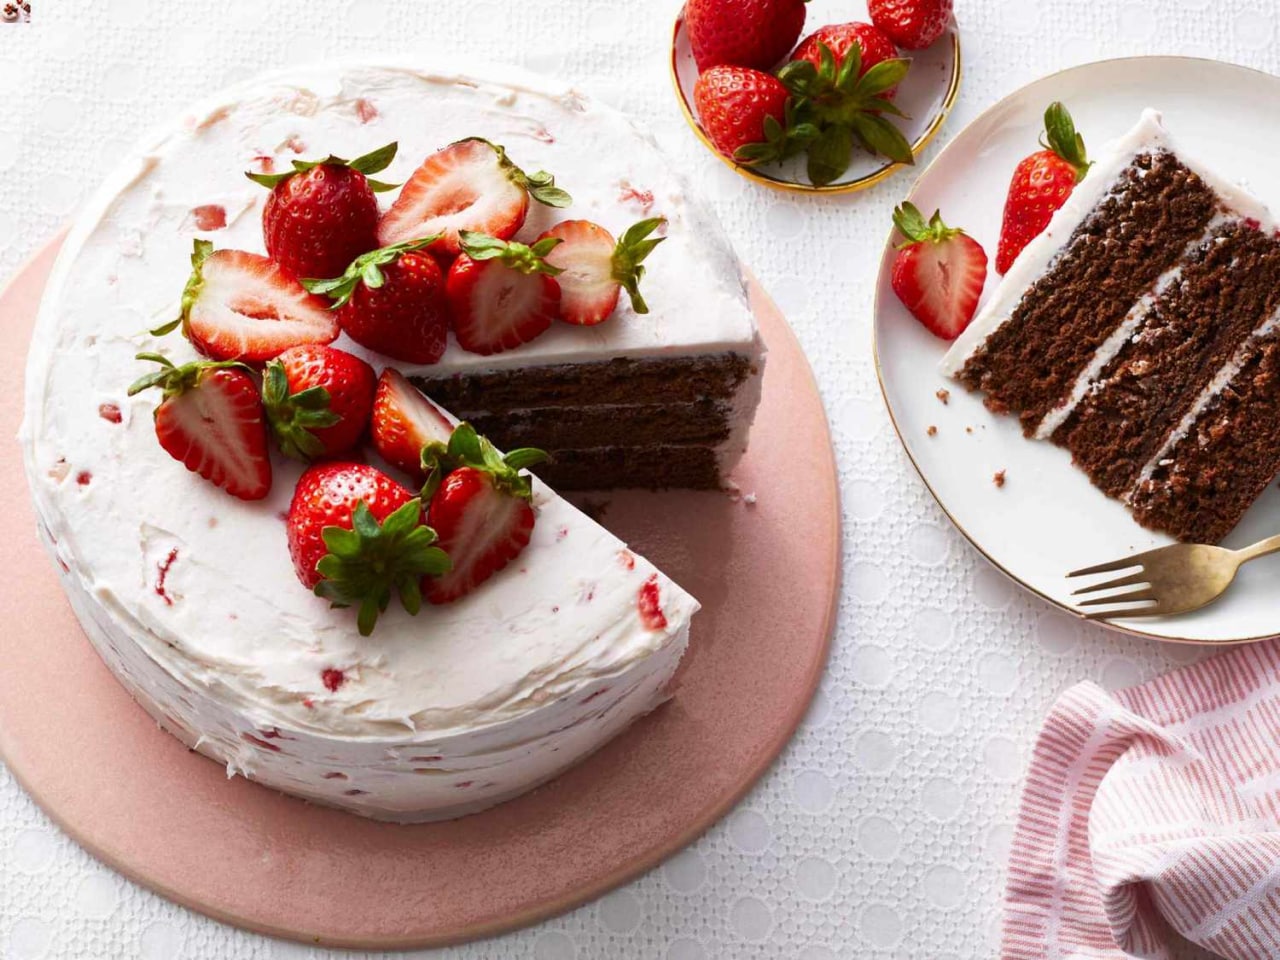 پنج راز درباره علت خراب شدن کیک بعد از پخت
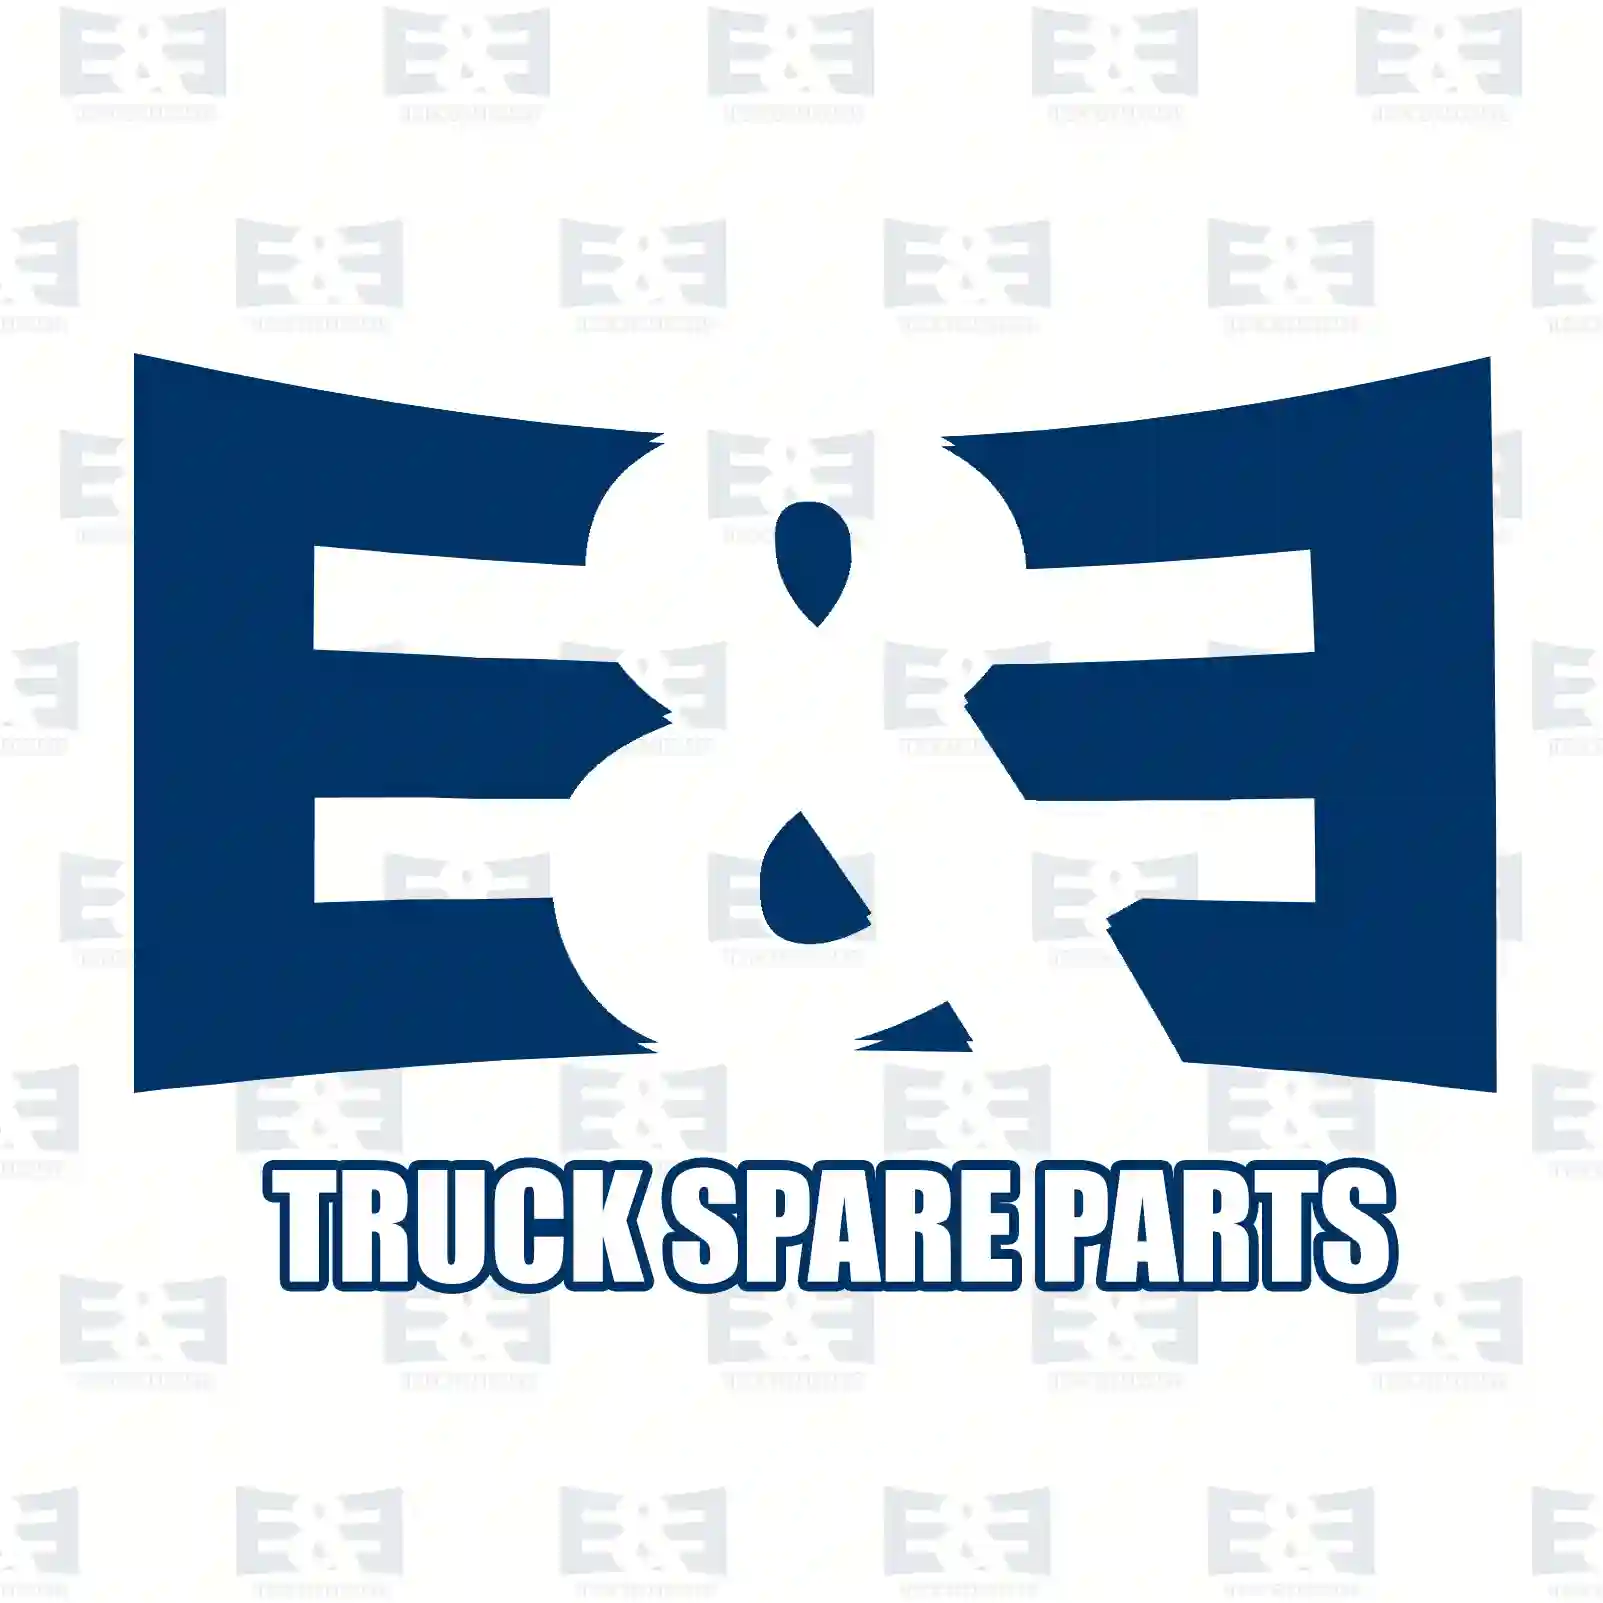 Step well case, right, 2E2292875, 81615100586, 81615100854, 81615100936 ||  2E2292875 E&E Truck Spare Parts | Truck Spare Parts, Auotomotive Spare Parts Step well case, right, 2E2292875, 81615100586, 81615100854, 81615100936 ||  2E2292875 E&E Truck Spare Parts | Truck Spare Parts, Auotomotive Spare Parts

◇ ◇ ◇ ◇ ◇

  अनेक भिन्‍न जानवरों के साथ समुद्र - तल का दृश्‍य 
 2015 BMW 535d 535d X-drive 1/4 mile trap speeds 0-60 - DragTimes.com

◇ ◇ ◇ ◇ ◇

▸ Exercise details
Your answer should be the lines of the listing above between the line holding "अनेक भिन्‍न जानवरों" and the line holding "2015 BMW 535d", inclusive, restated word for word and alone.

▸ Exercise solution
  अनेक भिन्‍न जानवरों के साथ समुद्र - तल का दृश्‍य 
 2015 BMW 535d 535d X-drive 1/4 mile trap speeds 0-60 - DragTimes.com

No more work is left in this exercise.